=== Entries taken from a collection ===
◇ ◇ ◇ ◇ ◇

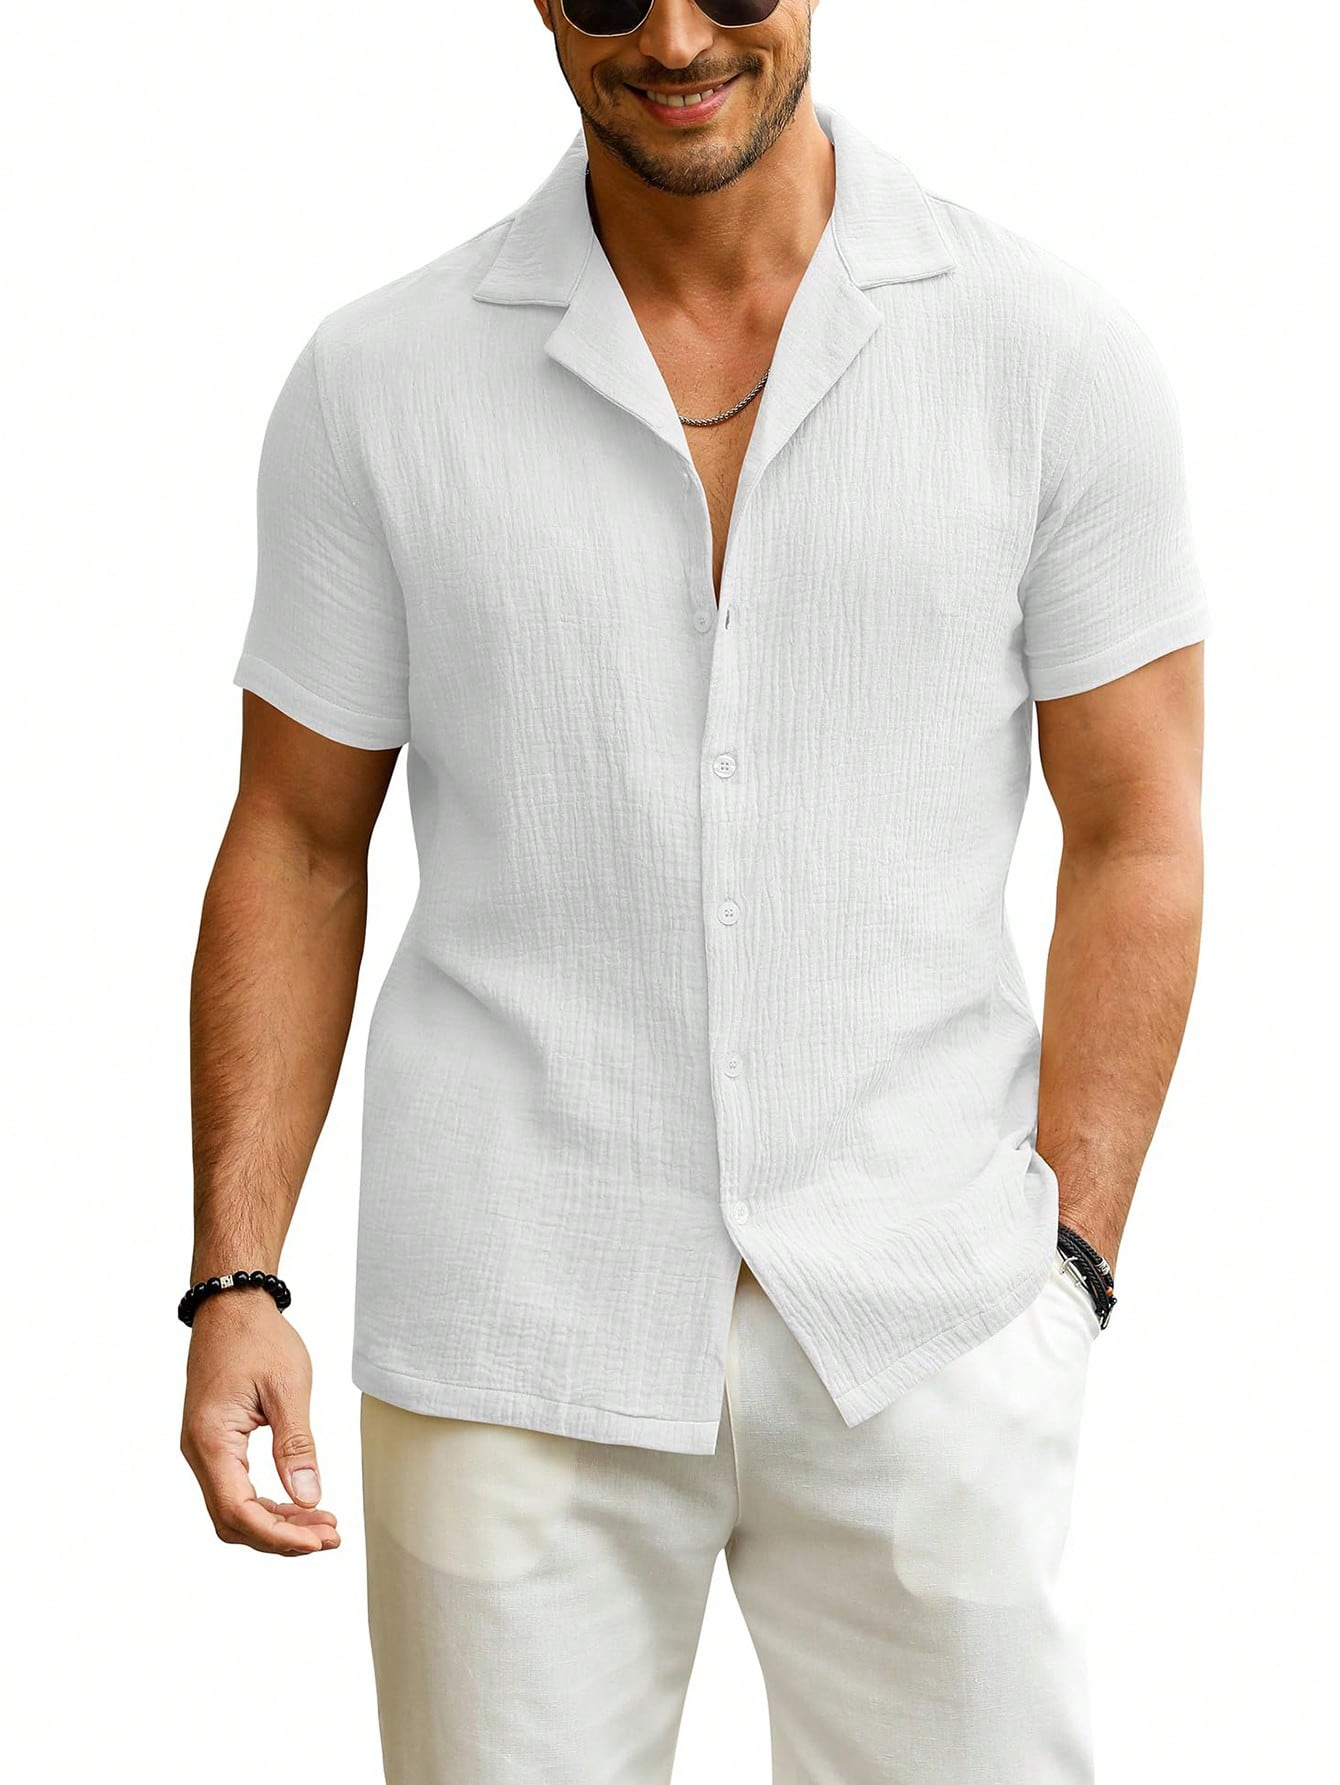 Мужская рубашка с коротким рукавом на пуговицах и воротником для летнего пляжа, белый мужская повседневная рубашка с коротким рукавом на пуговицах бежевый
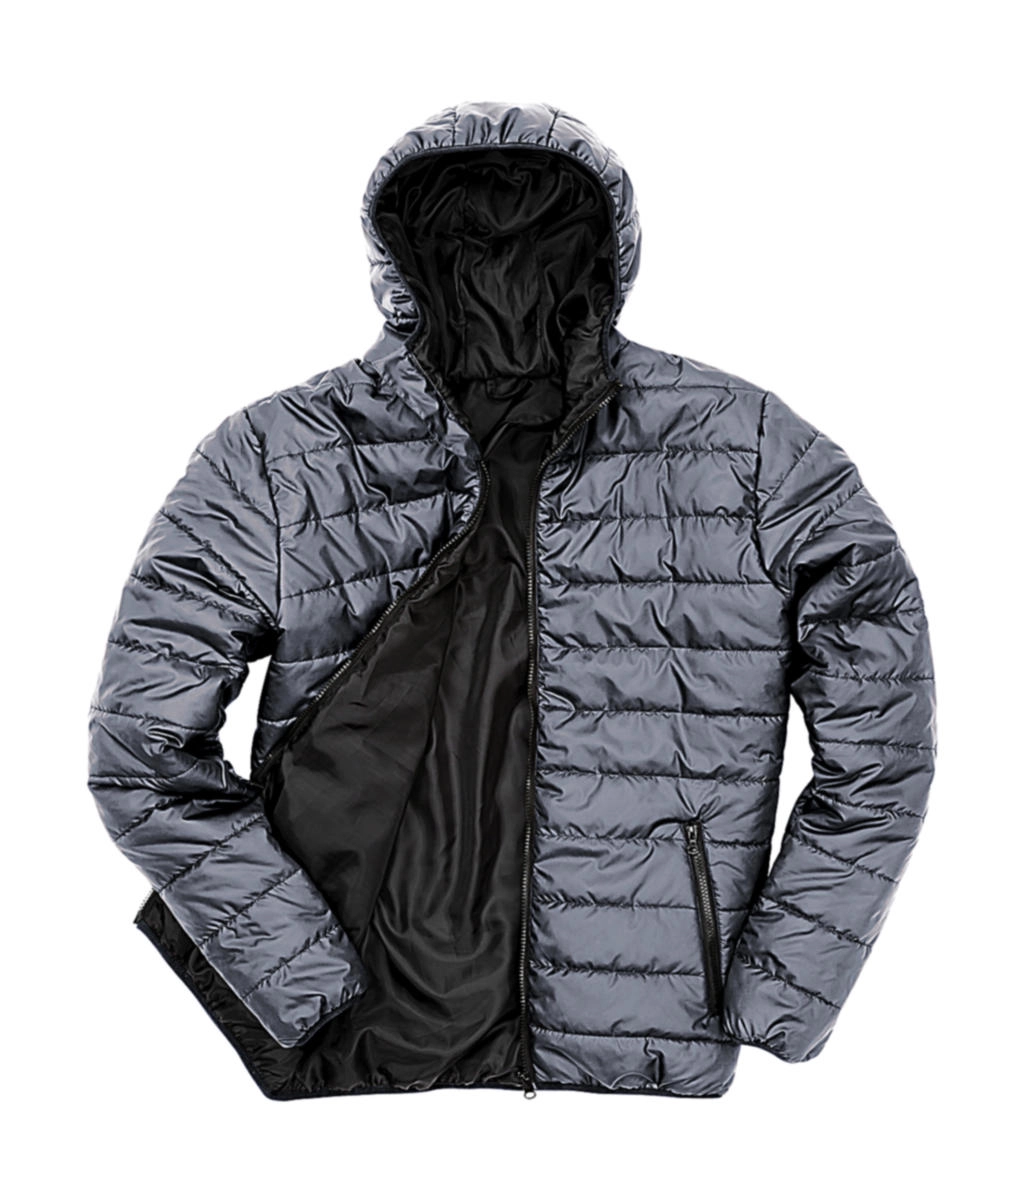 Soft Padded Jacket zum Besticken und Bedrucken in der Farbe Frost Grey/Black mit Ihren Logo, Schriftzug oder Motiv.
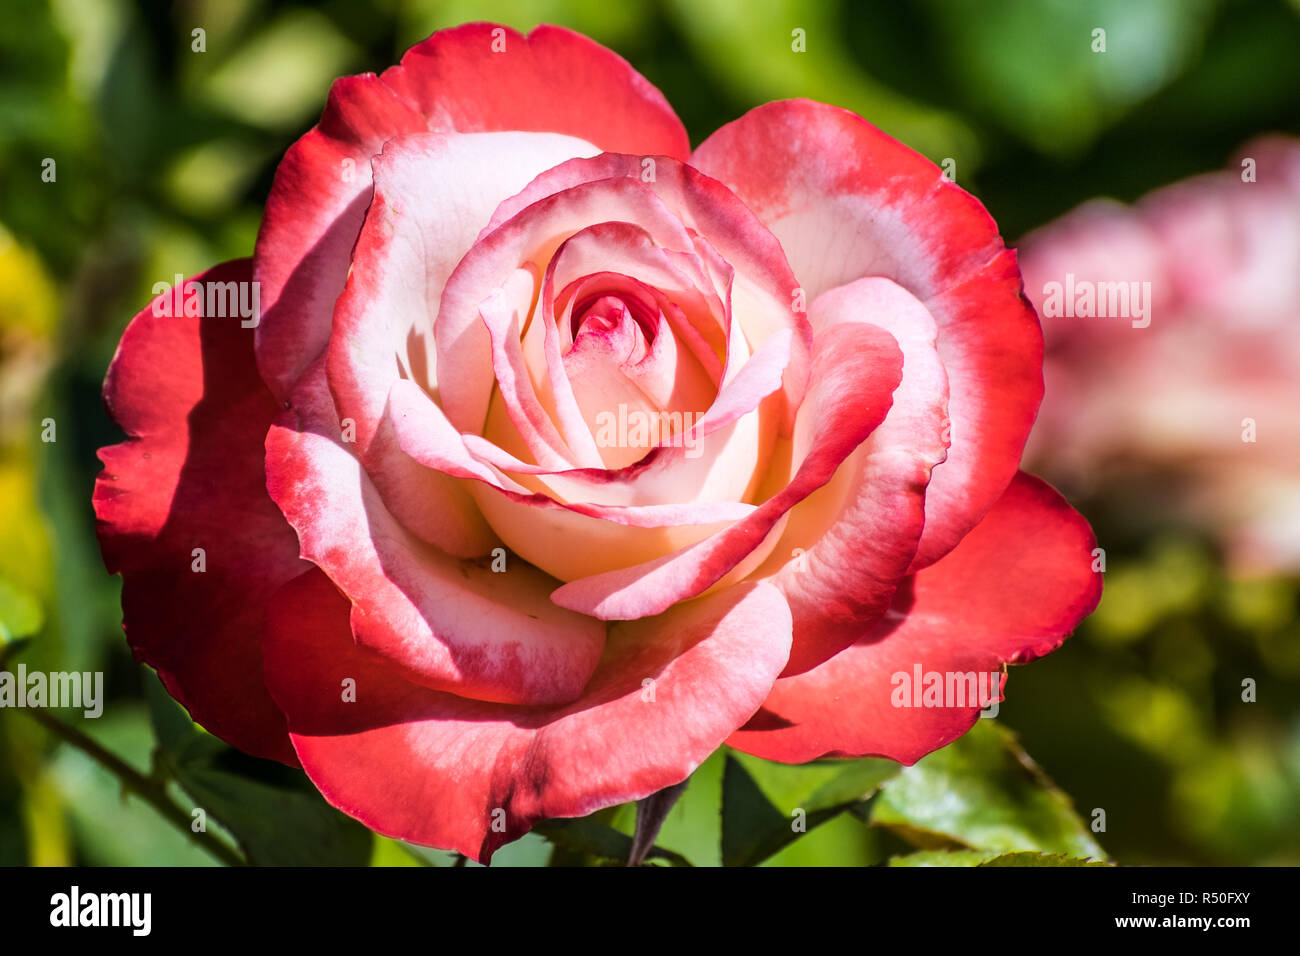 Close up of rose avec velours rouge et blanc à pétales, fleurissent dans la San Jose Municipal Rose Garden sur une journée ensoleillée, en Californie Banque D'Images
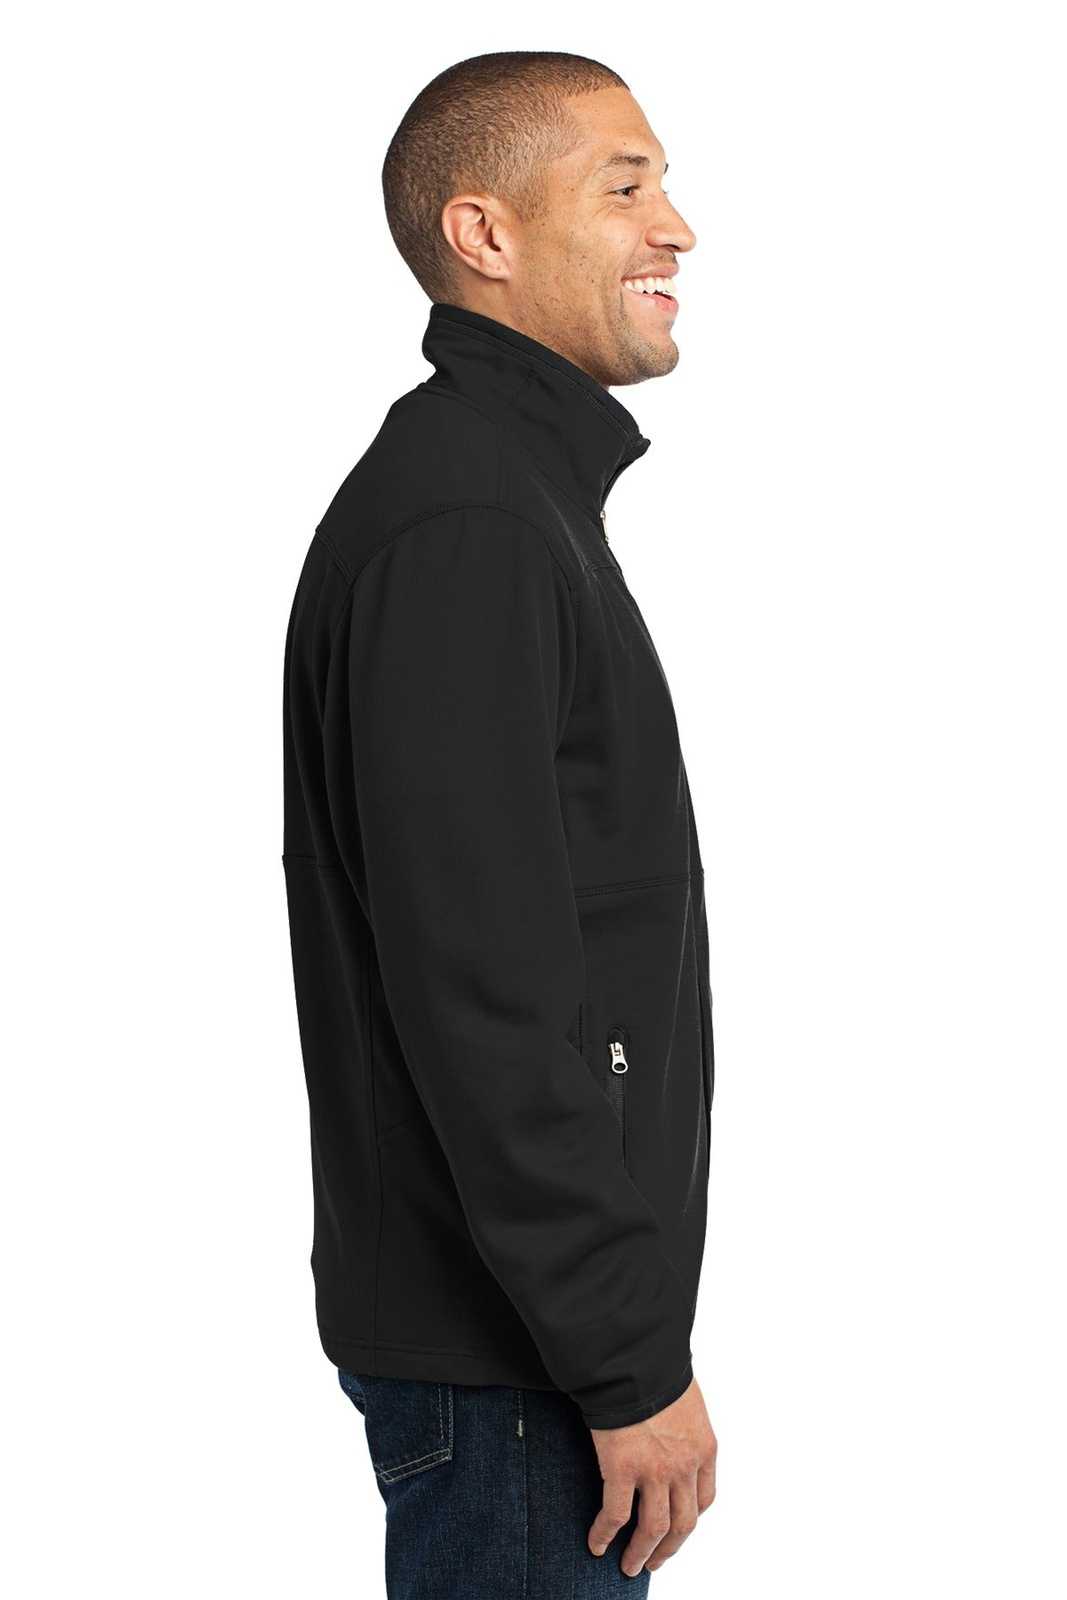 Port Authority F222 Pique Fleece Jacket - Black - HIT a Double - 3
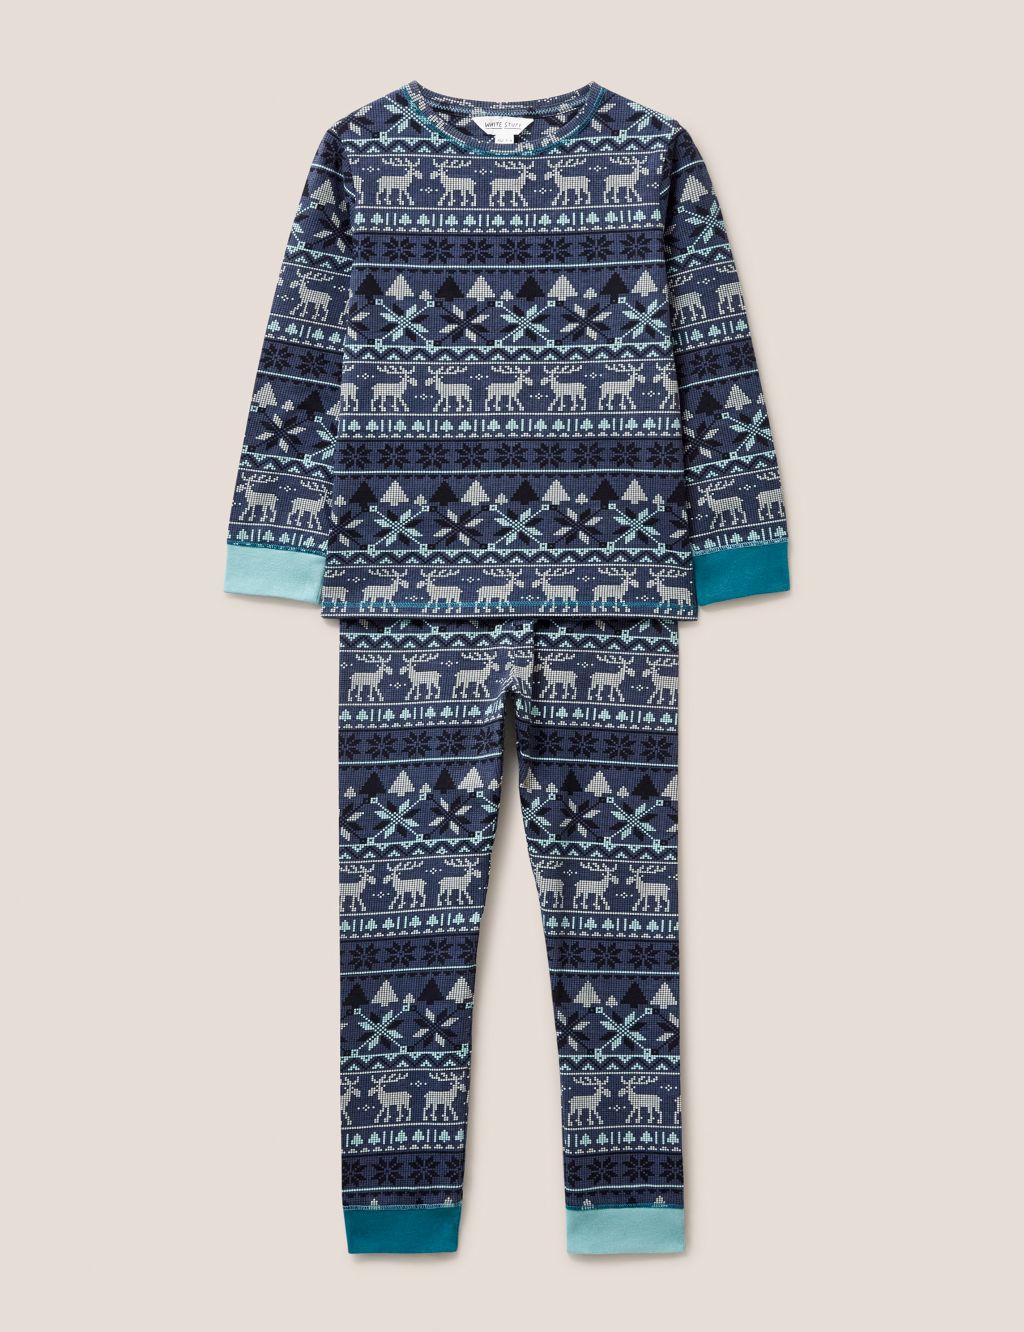 Cotton Rich Moose Fair Isle Pyjamas (3-10 Yrs) image 1

◇ ◇ ◇ ◇ ◇

=== Task statement ===
Wherever a picture appears, omit it; copy the rest of the data exactly.

=== Exercise solution ===
 Мужская рубашка с коротким рукавом на пуговицах и воротником для летнего пляжа, белый мужская повседневная рубашка с коротким рукавом на пуговицах бежевый
 Soft Padded Jacket zum Besticken und Bedrucken in der Farbe Frost Grey/Black mit Ihren Logo, Schriftzug oder Motiv.
 Close up of rose avec velours rouge et blanc à pétales, fleurissent dans la San Jose Municipal Rose Garden sur une journée ensoleillée, en Californie Banque D'Images
 Port Authority F222 Pique Fleece Jacket - Black - HIT a Double - 3
 Cotton Rich Moose Fair Isle Pyjamas (3-10 Yrs) image 1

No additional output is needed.